Федосья перевела дух. Ой, зряшно лаялась-то; на собачливых черти воду возят. Сердце мчалось, как тройка по ухабам. Поползуха со лба улизнула назад под повойник и давай копошиться в волосах. Анна Ильинична в изумлении открыла рот, подбирая пакостных слов, кои бы сронили Федоску. И вдруг засмеялась мягко, пролилась, как родник по камешнику:
– Ну, Федоска… Ты хоть в зеркало на себя глянь. И я-то, как с цепи сорвалась, – протянула изумленно, дивясь внезапному сполоху. – Ты прости дуру старую. Слышь?

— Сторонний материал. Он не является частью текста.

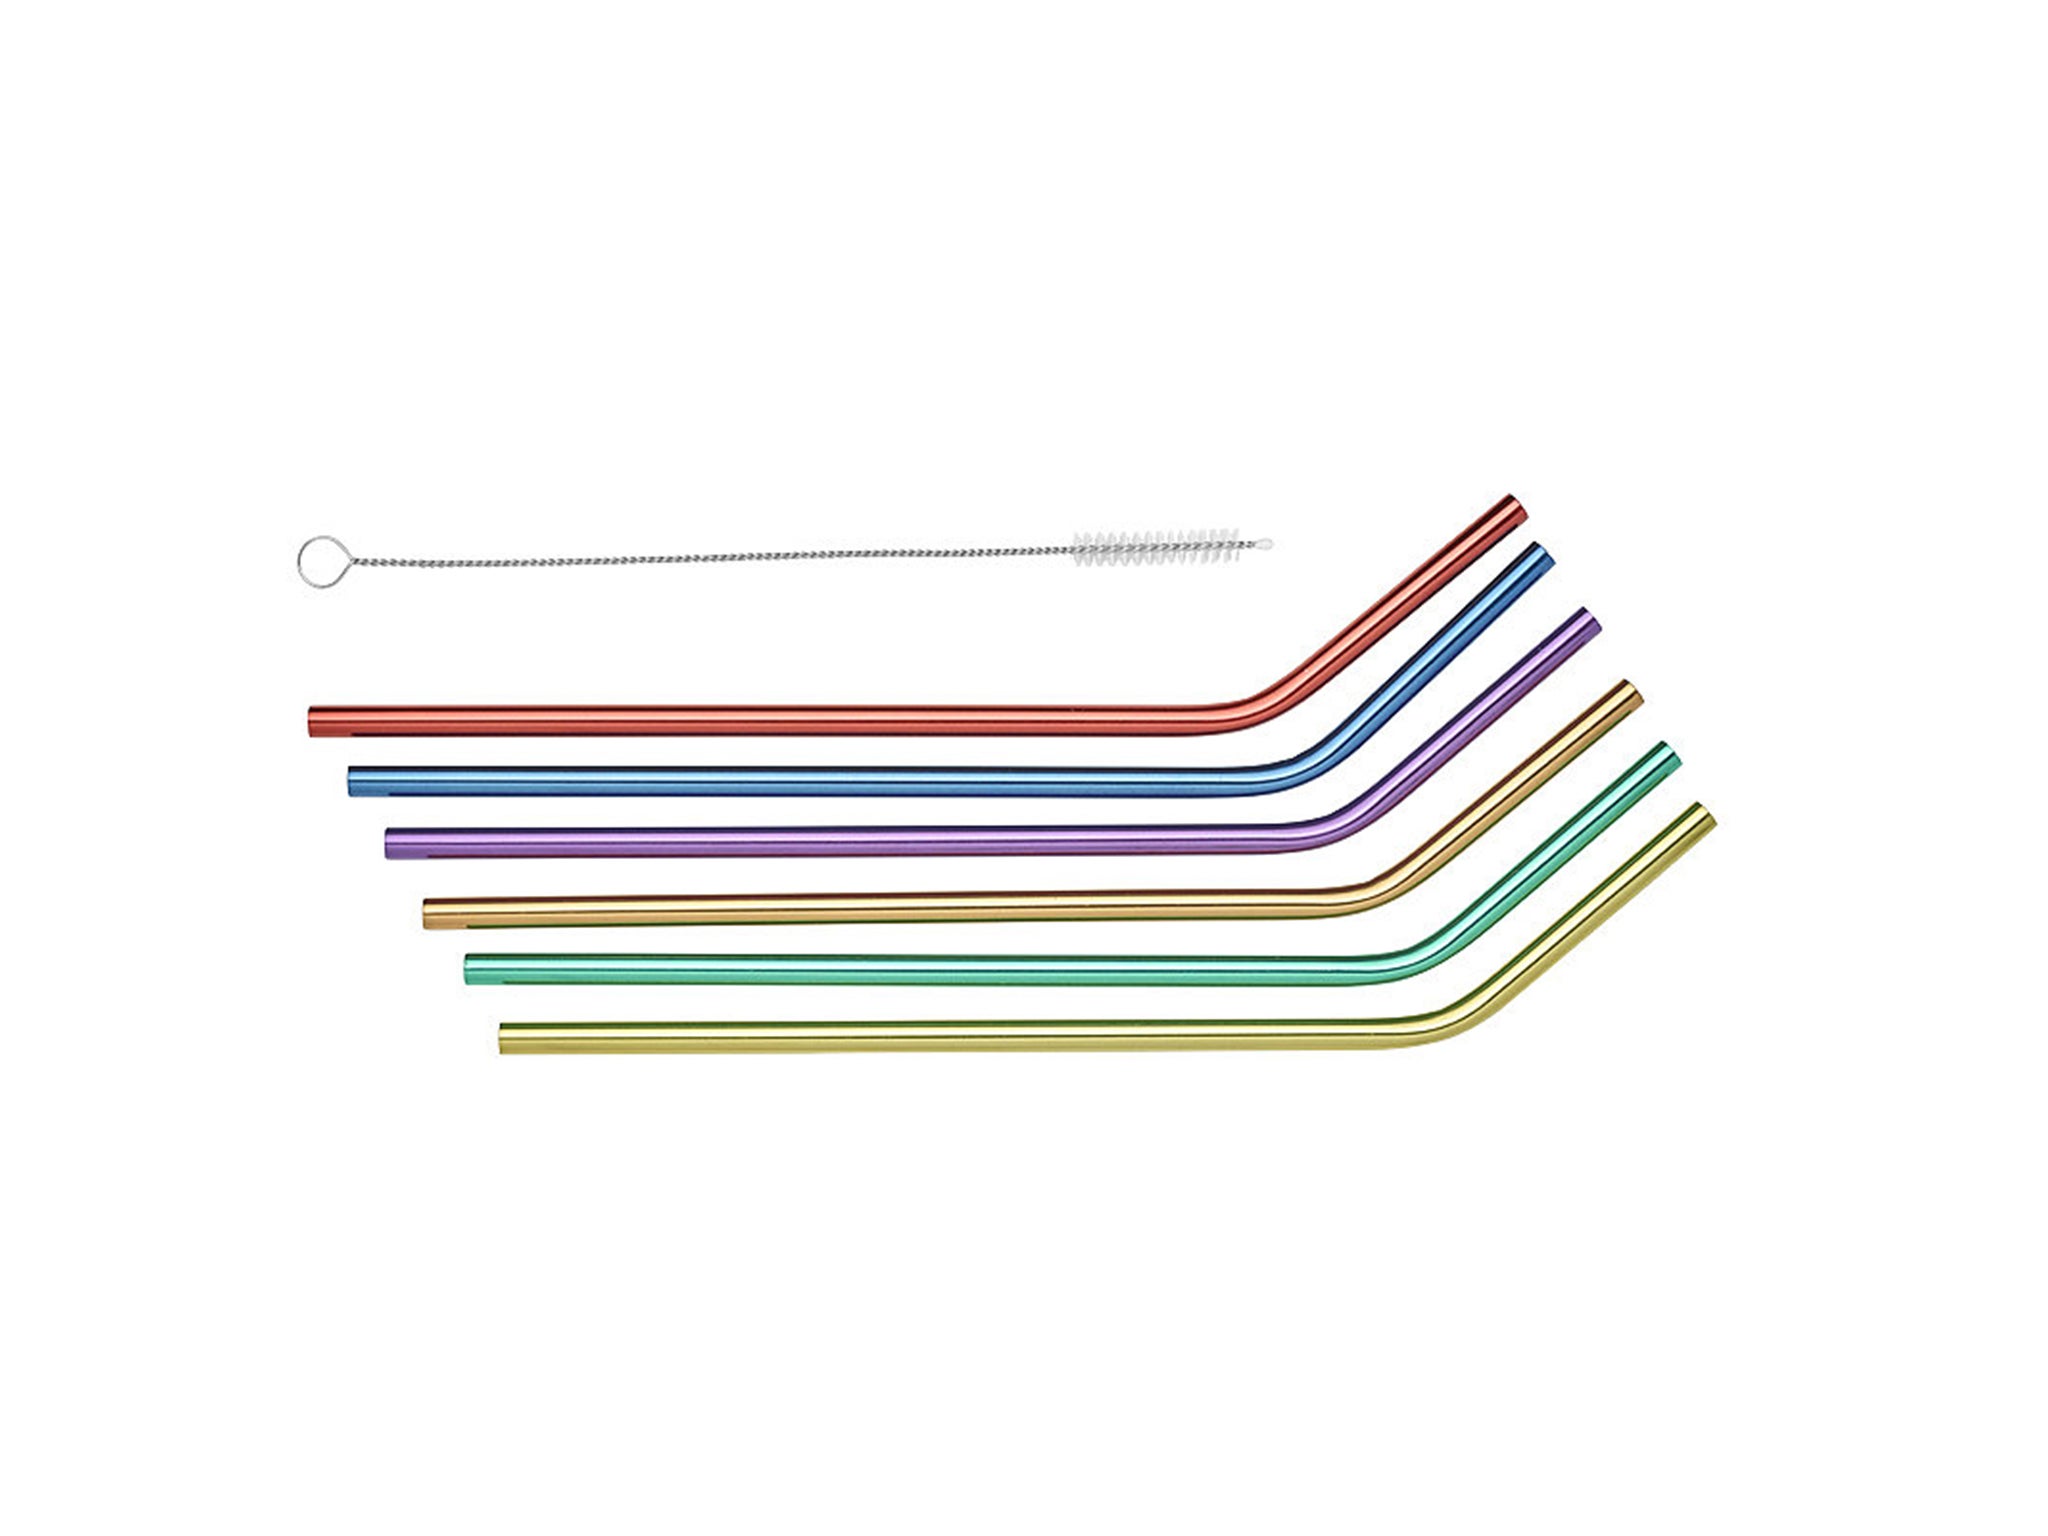 Stainless steel straws are durable, hard-wearing and an eco-friendly alternative to single-use plastic

Теперь Федосье Прокопьевне черед надуться. Анна Ильинична чуяла свою промашку, торопливо шла на попятную. Опробовала рюмочку вишневого меда, подмигнула:
– Ну и мастерица ты, Федосья Прокопьевна. Хорошо дом ведешь. И челядь-то у тебя вся по струнке, – пыталась подольститься, тайно корила себя за вспышку. Ведь не ругаться шла по цареву указу; но вот настрополила сутырщицу, наломала дров. Сейчас Федоску и вагами из дому не своротить. «Ах, дура я набитая. И что у меня за язык такой гадкий?» – Ну, будет тебе, не держи обиды. Нам-то с тобою что делить, верно? Вместях же росли. Мы же подружии с тобою, Фенька. Помнишь, как в детстве на одной кровати под пологом спали? Зима, мороз, святки. Костры на улице палят, ряженые ходят, в хоромах домовушко шебаршит в углу, сухарь грызет. Страшно. Прижмемся друг к дружке…
Федосья встала, молчаливо ждала, когда выговорится гостья и уйдет. По каменному лицу, по сталистому непрозрачному взгляду видно было, как обиделась боярыня. Четки сновали в пальцах, постукивали костяной зернью. «Господи Исусе Христе Сыне Божий, помилуй мя, грешную…»
Анна Ильинична побагровела, туго запахнула шубу на лисах, вздела на голову высокий соболий каптур и в этом тяжелом, сверкающем мехами платье стала как татарская ханша. Глаза заузились, взметнулись к вискам. Еще никто не ганивал сестру покойной царицы вон из дому.
Она еще помедлила, ухватившись за заднюю грядку кровати, выглядывая свойку сквозь струистый тафтяной полог, шитый травами. Может, дожидалась доброрадных слов? Чего понапрасну загрызаться-то, верно? Что и есть гобины и дорогови у Анны Ильиничны, так с собою в могилу не унесет, все достанется Ивану Глебовичу. Где-то молодого стольника нет, он-то бы живо пособил тетке, не таской, но ласкою уладил бы размолвку. Анна Ильинична намерилась уходить, но не могла переломить норова, добавила язвительно, только чтобы остаться сверху в споре:
– Эх, Федоска, сермяжны рукава, мякинная голова. Тужишься взлететь в занебесье, да Бог крыл не дал. Курица ты и есть, мокрая курица. Зря надежды кладешь на родню. Ты ее люто изобидела. Вот и бояре на тебя рукой махнули, посчитали: де, в семье не без урода, а на гумне не без урона. Не всякое семя в колос, иное и в назём.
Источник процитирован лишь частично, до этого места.